Mike Farish visits Williams Advanced Engineering to see how the company delivers a distinctive F1 take on an innovative electric vehicle platform

Williams concept uses a 2800mm wheelbase to help provide for an energy capacity of 80kWhOne of the implications of the growth of the market for electric vehicles is the opportunity it provides for newcomers possibly to become major players in the automotive industry at least as technology and sub-system suppliers to existing OEM operations. Sometimes such companies may be start-ups, sometimes they may already be well-known names in their own right.

One company that fits the second of those descriptions is William Advanced Engineering based close to Oxford in the UK. The operation is the sister company of the Williams Formula One team and a major part of it remit is to develop commercial applications for techniques and technologies that find their initial use in the specialised world of F1 racing.

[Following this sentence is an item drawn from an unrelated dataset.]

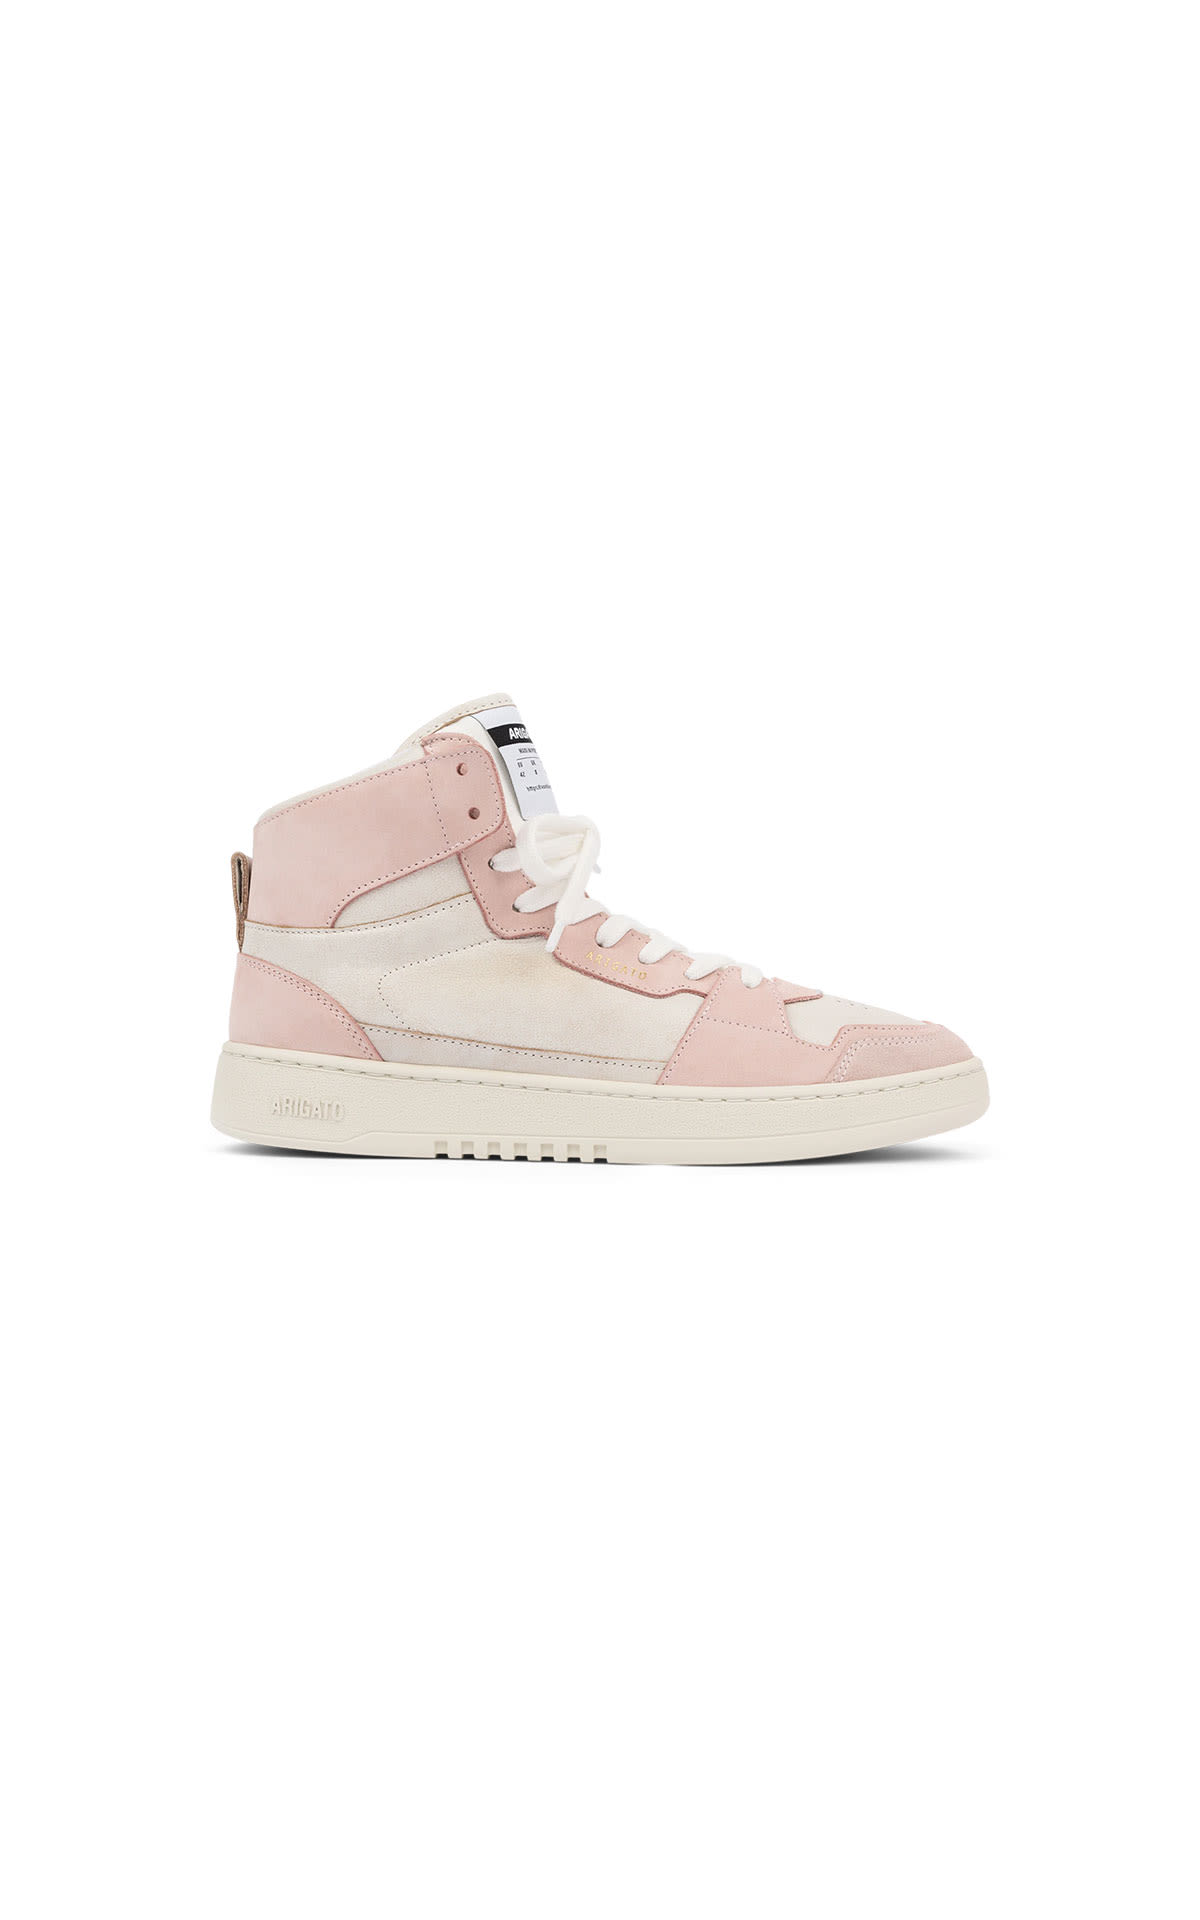 Axel Arigato Dice hi sneaker womens from Bicester Village

As such the two operations are not just colocated but closely integrated in the way they share a good deal of basic infrastructure – something confirmed by Paul McNamara, technical director for Williams Advanced Engineering. “We share the machine shop, composites manufacture, rapid prototyping equipment, wind tunnels and vehicle simulation – the two companies are operationally linked,” he states.

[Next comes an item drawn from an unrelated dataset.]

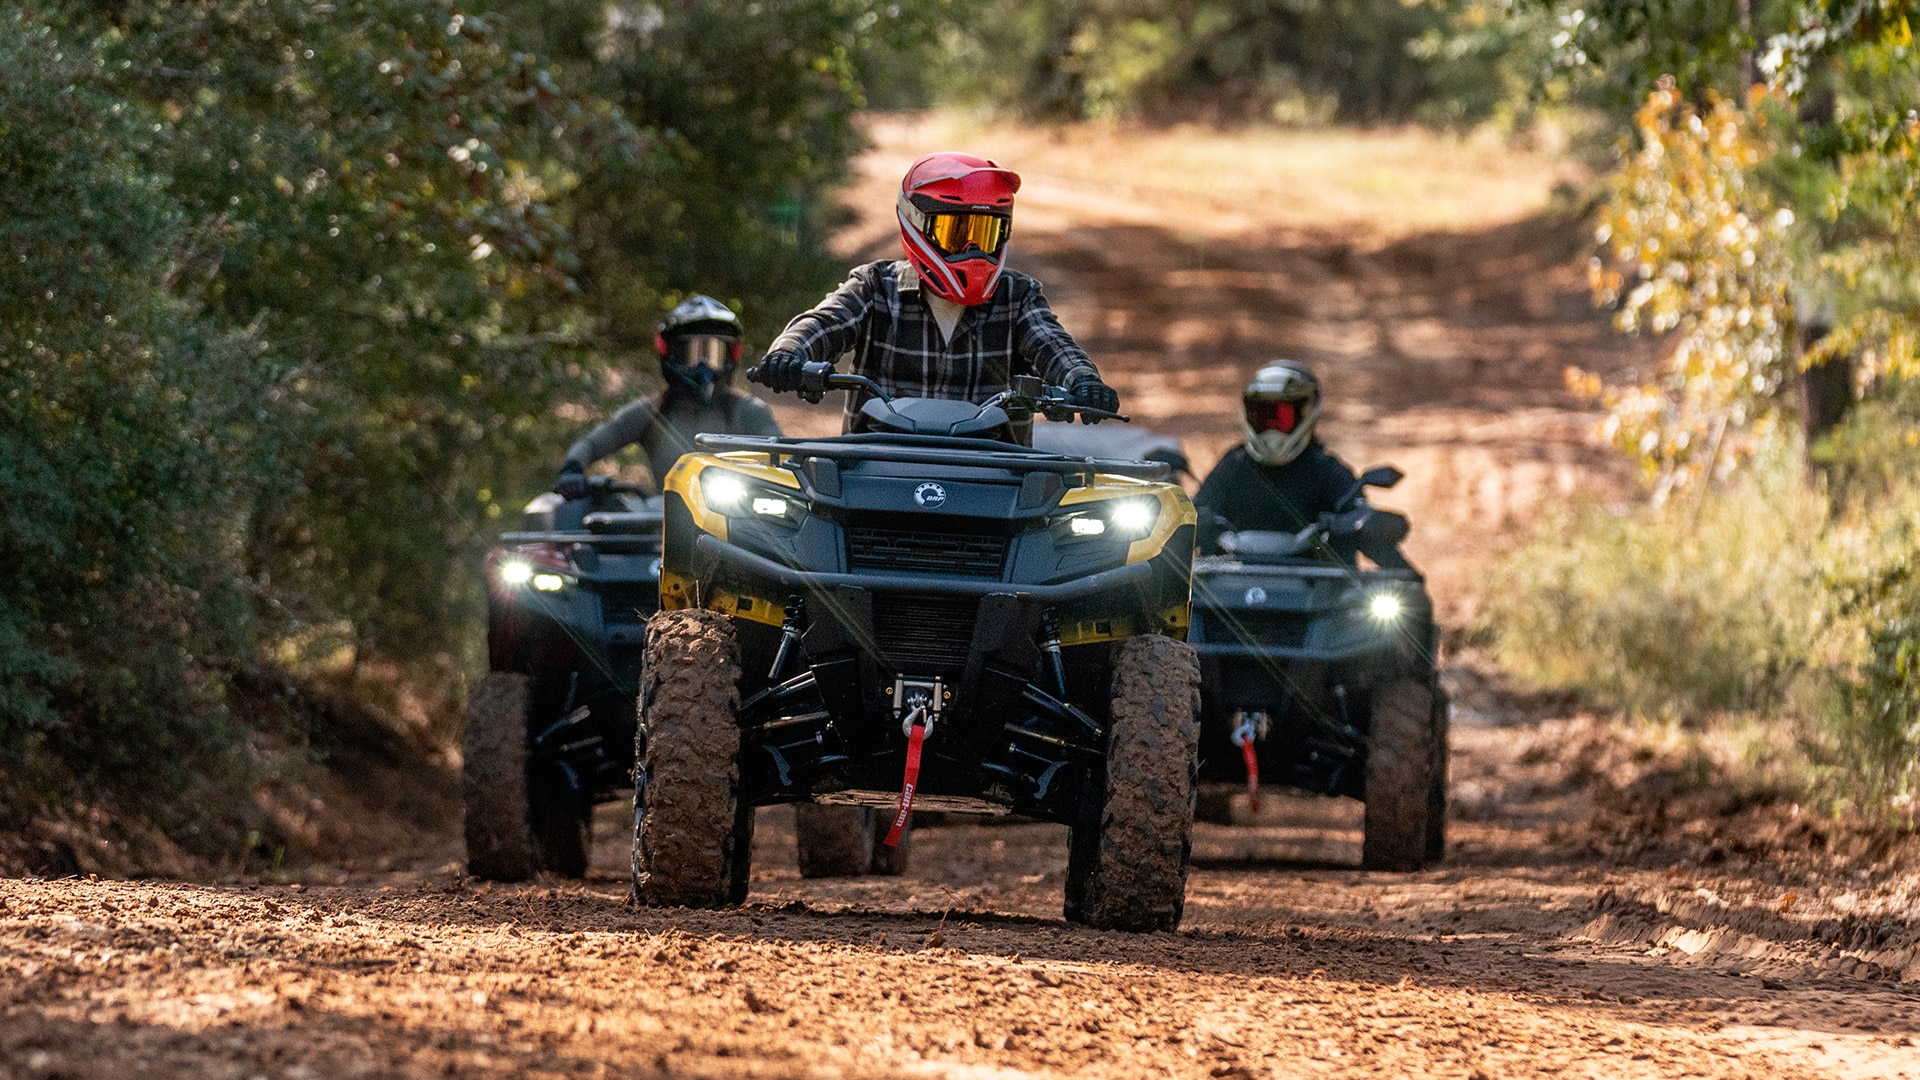 Can-Am riders driving ATVs on a trail

But, as McNamara further elaborates, the way the two operations interact is more complex than just that of technology transfer and resource-sharing. A further benefit is that it allows “partners”, effectively sponsors, of the race team to interact with the whole Williams Group “in a broader way” than is allowed by just a focus on the F1 vehicle, which he says with disarming frankness is otherwise essentially just a “marketing platform”. Another is that because the Advanced Engineering team works with a wide range of external sources of technical expertise – not least mainstream automotive OEMs – it naturally comes into contact with “materials, ideas and technologies” that it can pull in to assist the F1 operation in its necessarily tightly-focussed quest for sheer speed.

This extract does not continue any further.